Selain meningkatkan COT, aplikasi biochar dan pukan juga memperbaiki sifat tanah. Konsentrasi hara yang lebih tinggi pada petak perlakuan biochar dan dan pukan dibandingkan petak kontrol menyarankan adanya kontribusi positif pembenah organik dalam memperbaiki ketersediaan hara. Namun demikian untuk melanggengkan pengaruh positif ini maka pukan seharusnya diaplikasikan setiap musim tanam, sementara aplikasi tunggal biochar dapat mempertahankan pengaruh tersebut dalam waktu relatif lebih lama. Lebih dari itu, meningkatnya KTK dengan penambahan biochar juga dapat mengurangi resiko pencucian hara bermuatan positif seperti potassium dan amonium-N. Meningkatnya ketersediaan hara dan KTK dari hasil penelitian ini selaras dengan hasil peneliti sebelumnya (Novak et al., 2009; Yamato et al., 2006).
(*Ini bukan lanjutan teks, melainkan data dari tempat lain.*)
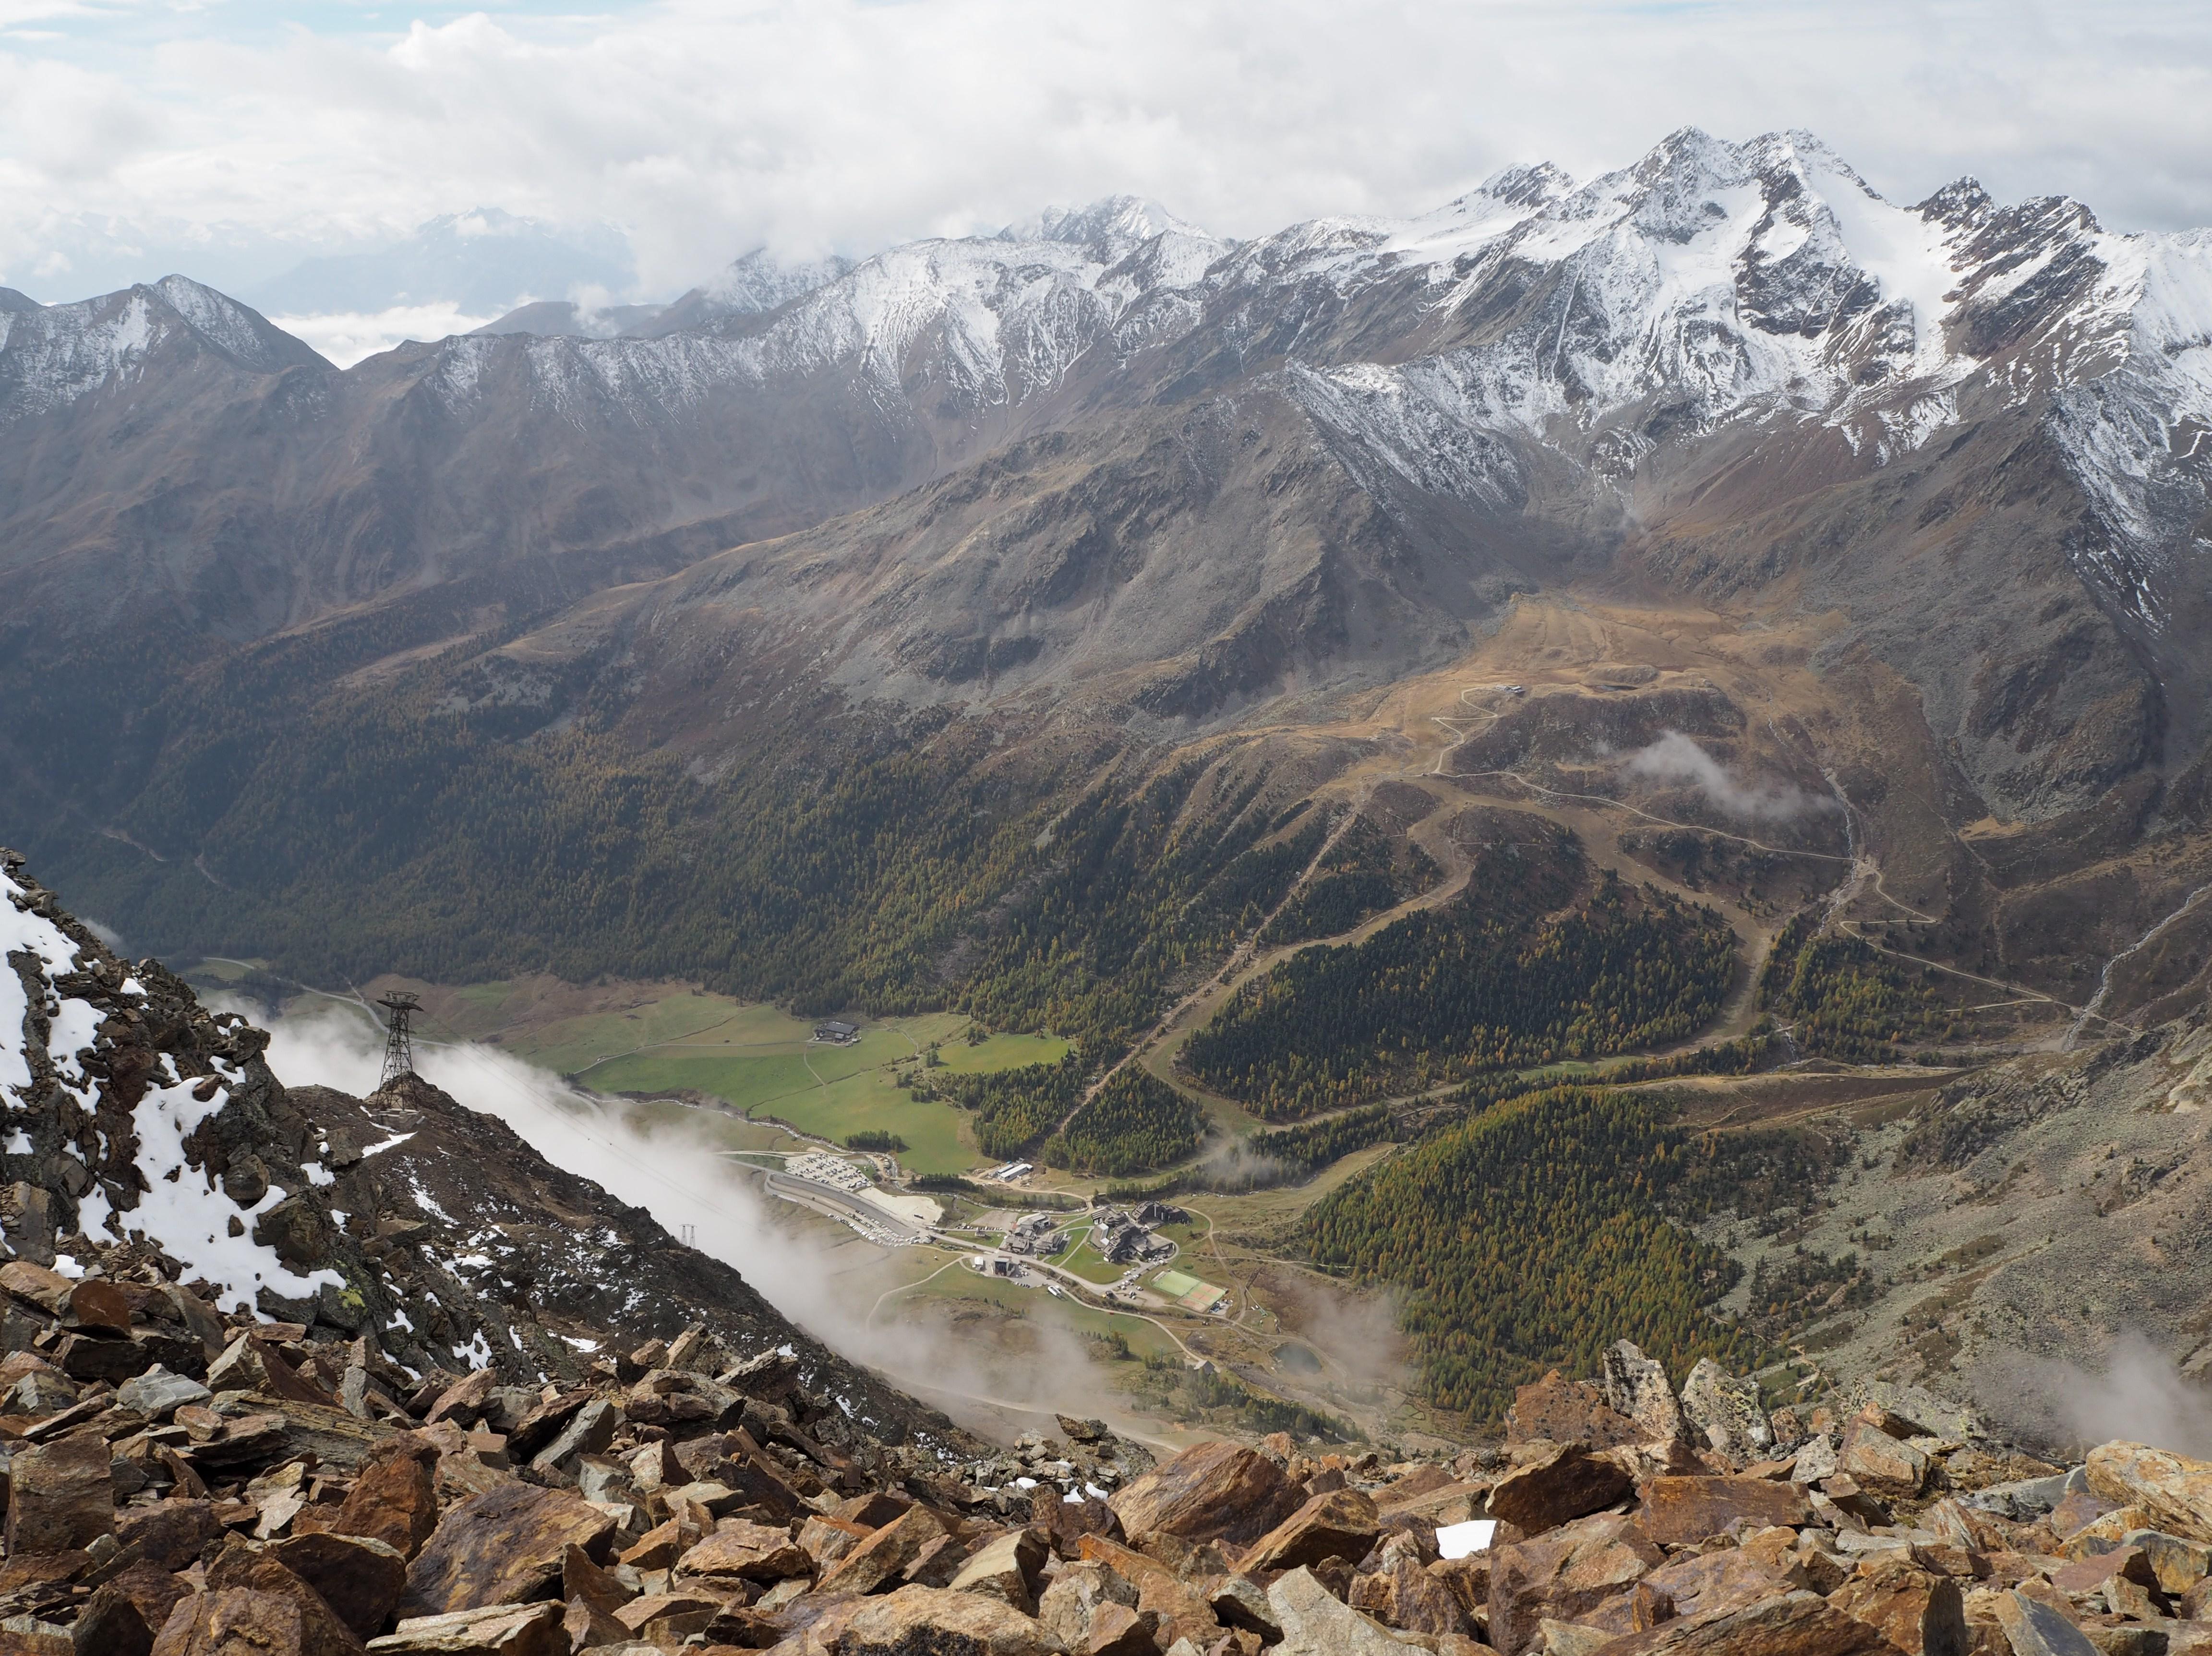 Caravanpark Schnalstal von der Grawandspitze aus fotografiert.

Tingginya muatan negatif permukaan (surface negative charge) hasil oksidasi gugus fungsional, utamanya gugus karboksil dan phenolik yang terjadi pada permukaan luar partikel biochar dan besarnya luas permukaan partikel biochar merupakan alasan utama yang menyebabkan tingginya kemampuan adsorpsi partikel biochar (Cheng et al., 2006). Sifat ini pada pada gilirannya berdampak positif menurunkan pencucian hara khususnya yang bernuatan positif seperti NH4+, K, Ca, dan Mg .
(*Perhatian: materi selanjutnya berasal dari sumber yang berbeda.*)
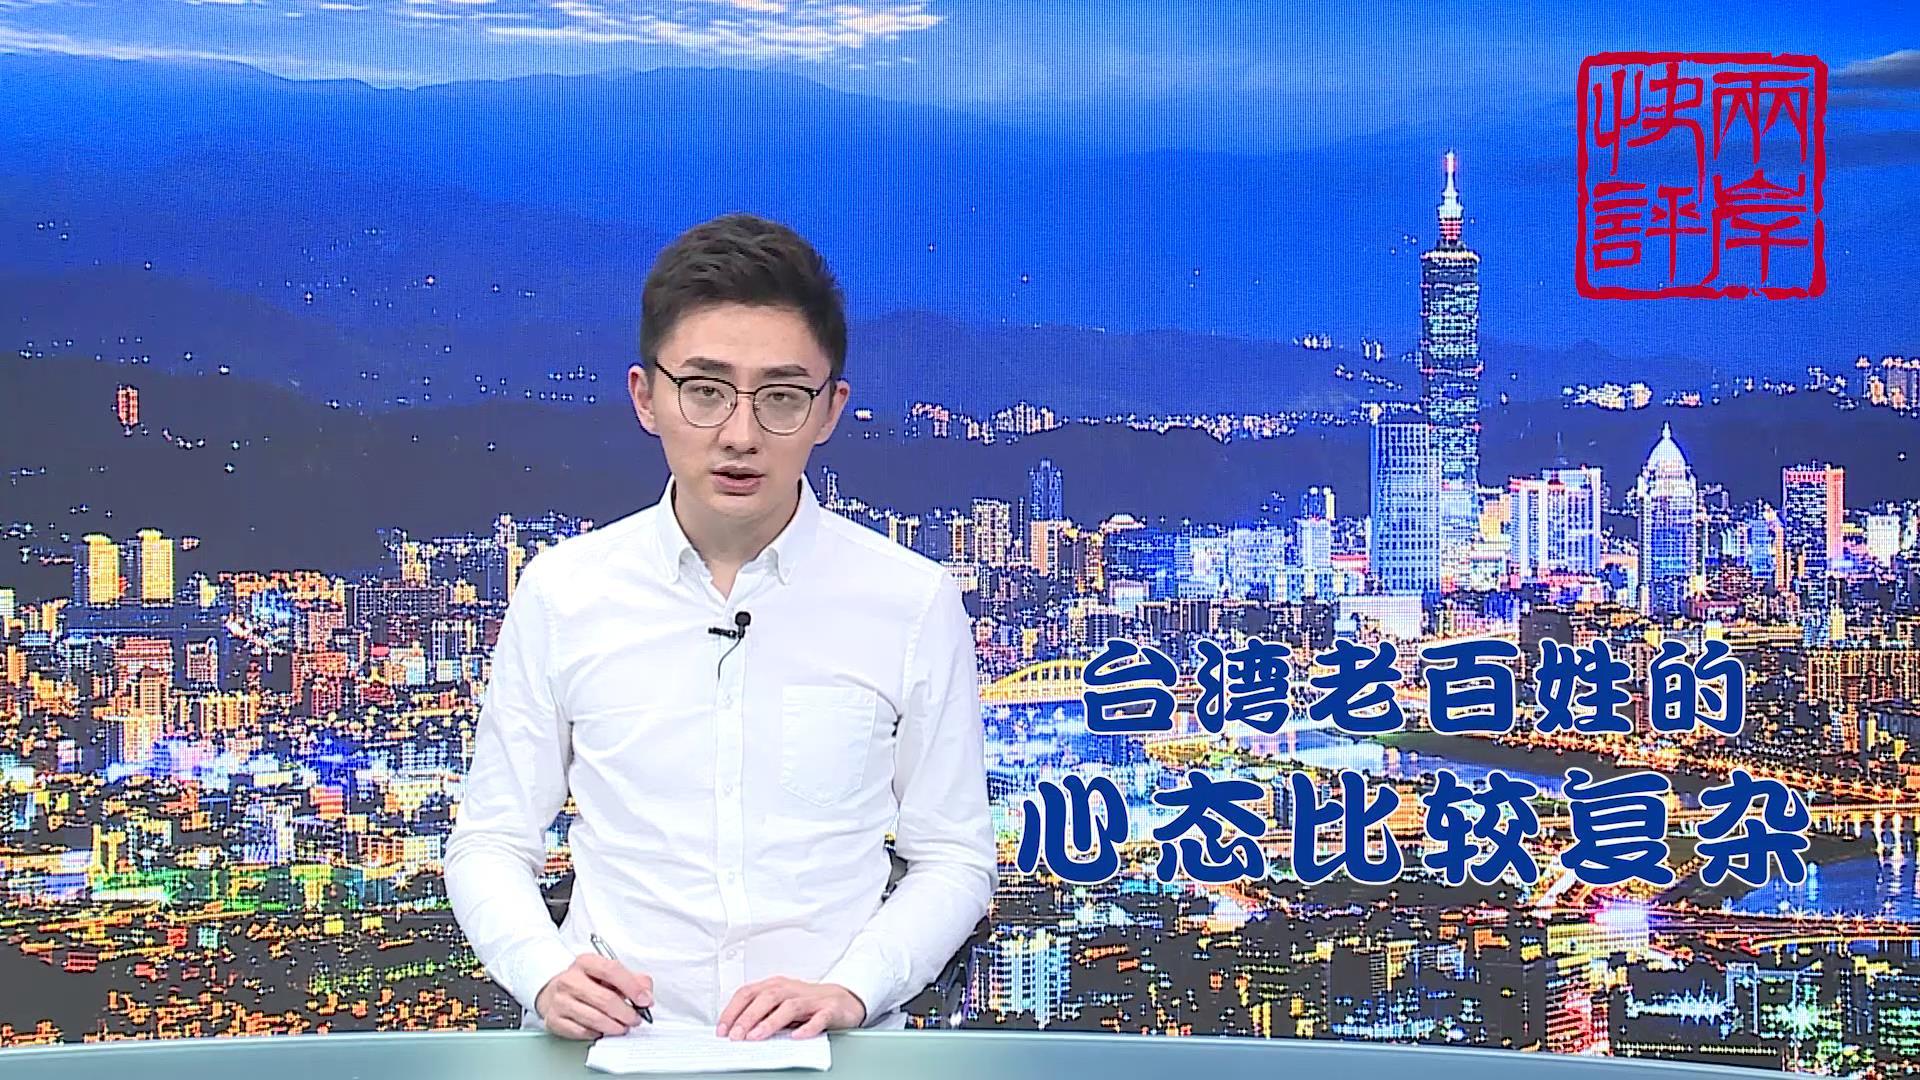 台湾老百姓的心态比较复杂图片

Adanya perbaikan terhadap kualitas kesuburan tanah dengan aplikasi biochar juga dicerminkan oleh: meningkatnya hasil tanaman, serapan hara, dan juga efisiensi penggunaan N dan air. Efisiensi penggunaan N tanaman jagung petak biochar sebanding dengan pukan yang diaplikasi setiap musim tanam dengan nilai masing-masing 42% dan 47%, Nilai ini mencapai 2 kali lipat dibandingkan efisiensi penggunaan N tanaman jagung pada petak tanpa pembenah tanah (23%).
Respon positif tanaman jagung terhadap aplikasi biochar pada penelitian ini juga seiring dengan hasil penelitian sebelumnya di daerah tropik yang lebih basah (Yamato et al., 2006). Untuk mempertahankan hasil jagung yang tinggi, tampaknya pupuk kandang seharusnya juga diaplikasikan setiap musim tanam. Sifat rekalsitran dari biochar telah dilaporkan secara meluas oleh banyak peneliti (Lehmann et al., 2006; Islami et al., 2011), dan tidak memberikan efek negatif terhadap serapan hara tanaman jagung. Serapan hara tanaman jagung pada petak biochar secara umum sebanding dengan serapan hara tanaman jagung yang diberi pupuk kandang.
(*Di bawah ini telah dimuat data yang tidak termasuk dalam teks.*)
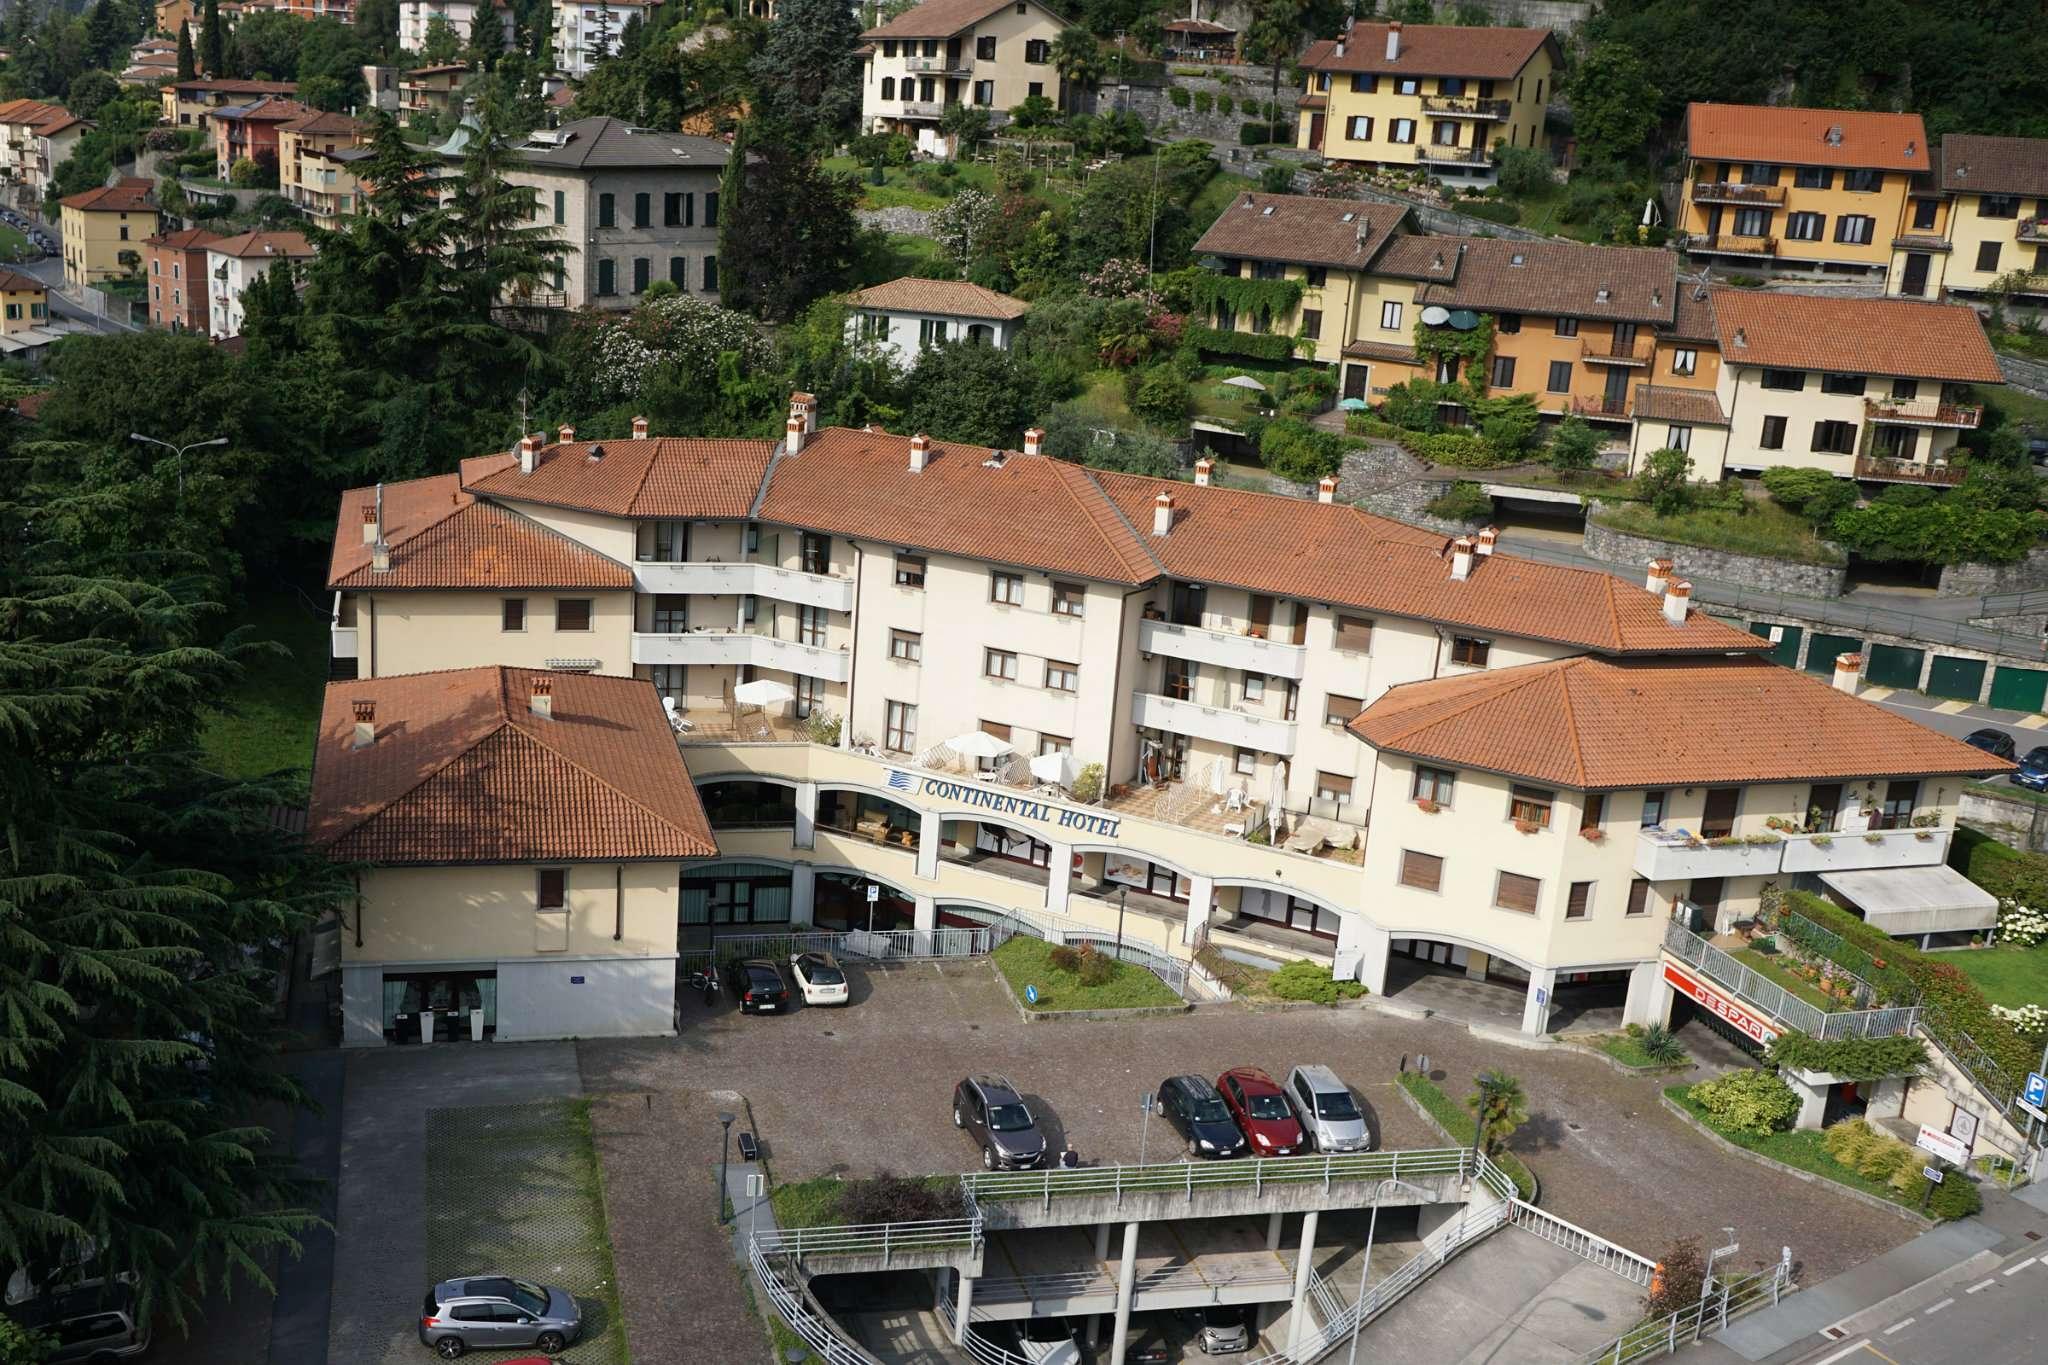 Appartamento in vendita a Lovere, 3 locali, prezzo € 220.000 | CambioCasa.it

Secara keseluruhan, penelitian ini mengkonfirmasikan bahwa biochar dan pupuk kandang merupakan pembenah organik yang sangat bermakna (valuable amendments) dalam memperbaiki kesuburan tanah, efisiensi penggunaan nitrogen dan air, sehingga pada giliranya diharapkan berkontribusi menciptakan sustainabilitas produksi jagung di lahan kering berpasir Lombok. Pupuk kandang yang diaplikasikan setiap musim tanam berkecenderungan memberikan hasil jagung yang lebih tinggi, akan tetapi dari aspek mempertahankan stabilitas karbon dalam jangka waktu yang lama dalam tanah, aplikasi biochar dalam sistem pertanaman tampaknya lebih menjanjikan. Menyadari keterbatasan capaian penelitian ini maka penelitian jangka panjang (long-term study)
dalam beberapa tahun sistem pertanaman dengan memodifikasi aplikasi biochar dan pupuk kandang di daerah semi-arid tropis sangat diperlukan untuk mengkonfirmasi kecenderungan ini.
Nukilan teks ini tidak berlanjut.